PS 61-35
The effects of beach charasteristics on ghost crab (Ocypode quadrata) size and distribution

Friday, August 15, 2014
Exhibit Hall, Sacramento Convention Center
Yashira A. Cruz, Coastal Marine Biology, University of Puerto Rico Humacao, Juncos, PR
Ray Carthy, FL Coop Fish and Wildlife Unit, University of Florida, Gainesville, FL
Madan K. Oli, Department of Wildlife Ecology and Conservation, University of Florida, Gainesville, FL

Sandy beaches are dynamic environments inhabited by specific biota structured by physical forces. These environments are commonly exposed to natural and anthropogenic induced changes, such as storage, transport, exchange of sand, erosion and renourishment.  The ghost crab, Ocypode quadrata has been used as a bio-indicator of the health of sandy beaches based on anthropogenic and natural impacts, but there is a lack of research on how the species’ density, distribution and activity are affected by sediment movement. In this study, the coastline of Cape San Blas, Florida was evaluated for accretion or erosion in order to identify a possible correlation with ghost crab density and distribution. Three research sites were identified and classified as accreting, eroding or stable based on historical sediment movement patterns, and sampled three times a week for five consecutive weeks. For each sampling event, ghost crab burrows were counted and measured on three 30m by 1m plots per site, designated as littoral, berm and dune strata. Beach width was measured from the mean high water mark to the dune. Burrow count and size were compared within and between sites, based on beach width, time and strata with a basic fit model and a two tailed Fisher’s test. 

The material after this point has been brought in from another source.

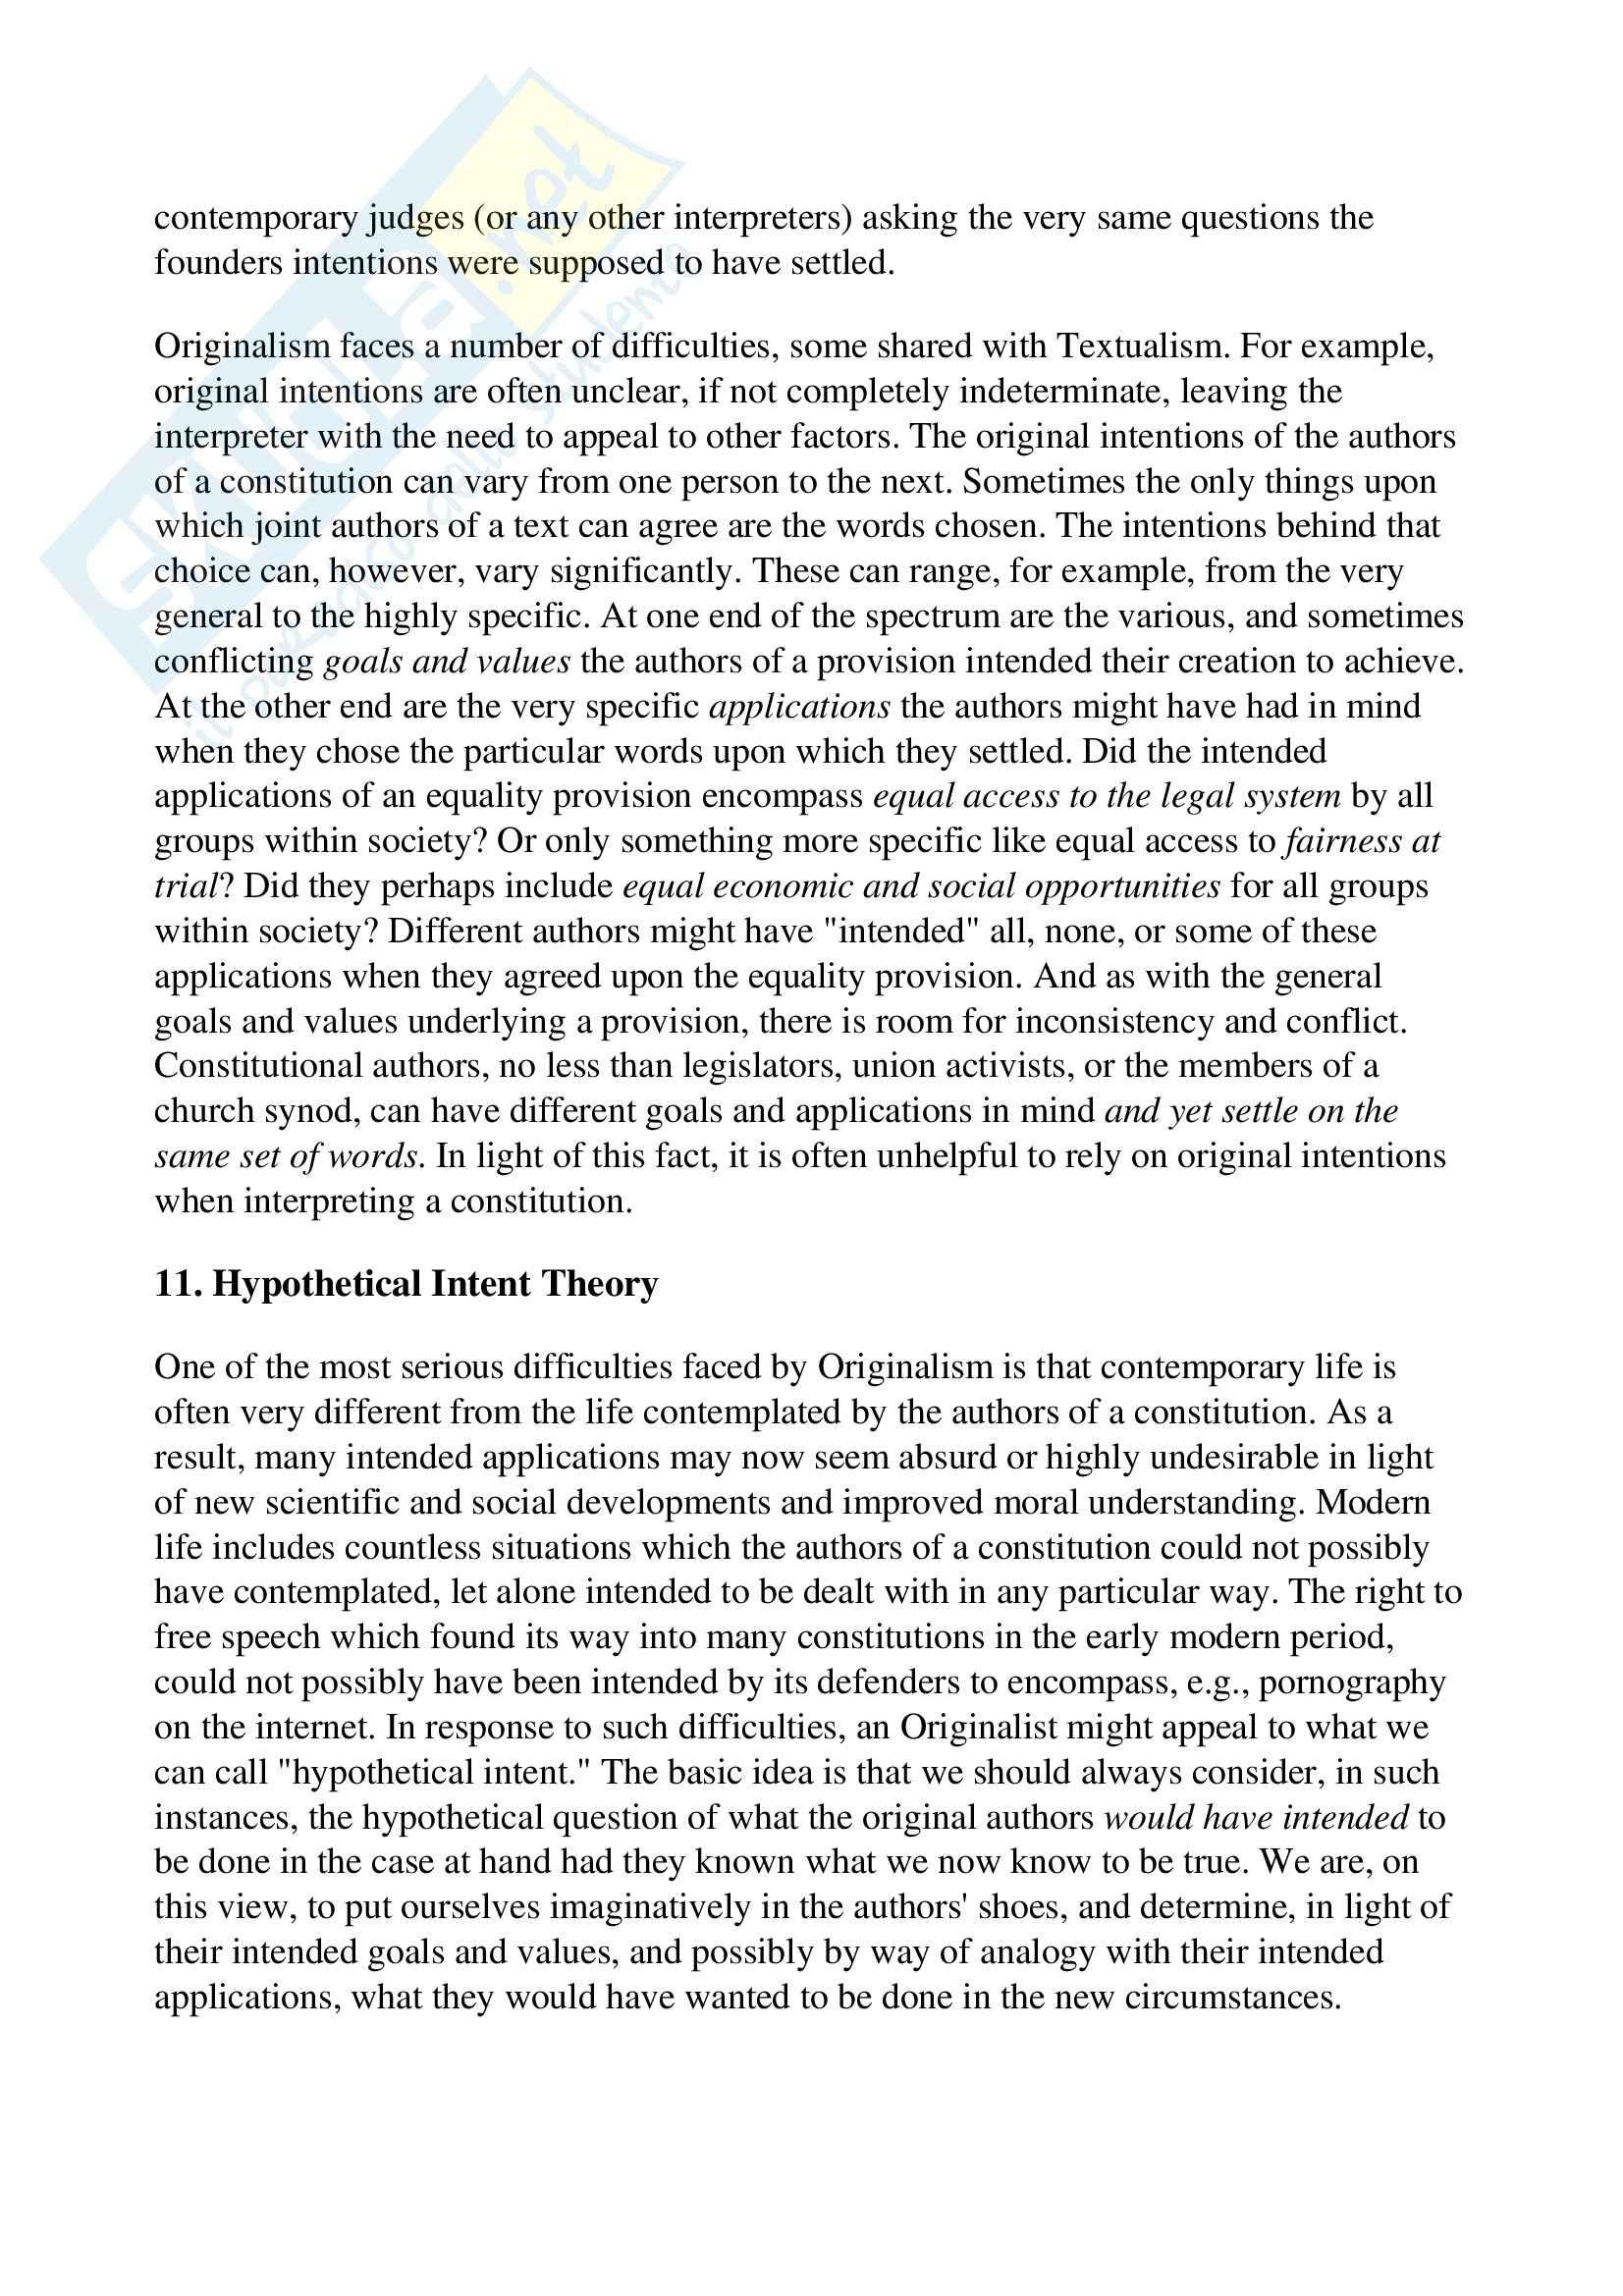 Costituzionalismo - Definizione Pag. 11

The Fishers’ test reflected a significant difference when comparing strata between eroding and stable sites with a Pr (>| t |) value of  0.001 for both dunes. There was also a significant difference in size distribution for littoral area in these sites, with values of values of 0.001(eroding) and 0.01 (stable). The eroding site had a higher burrow count than the stable.  There was a negative correlation between beach width and burrow size. There was a gradient in vertical size distribution: smaller crabs appeared to concentrate close to the water line on the littoral area and the largest place themselves close to the dunes. These results indicate that ghost crabs may prefer more dynamic beach environments, and respond to size-specific needs by burrow placement on the beach.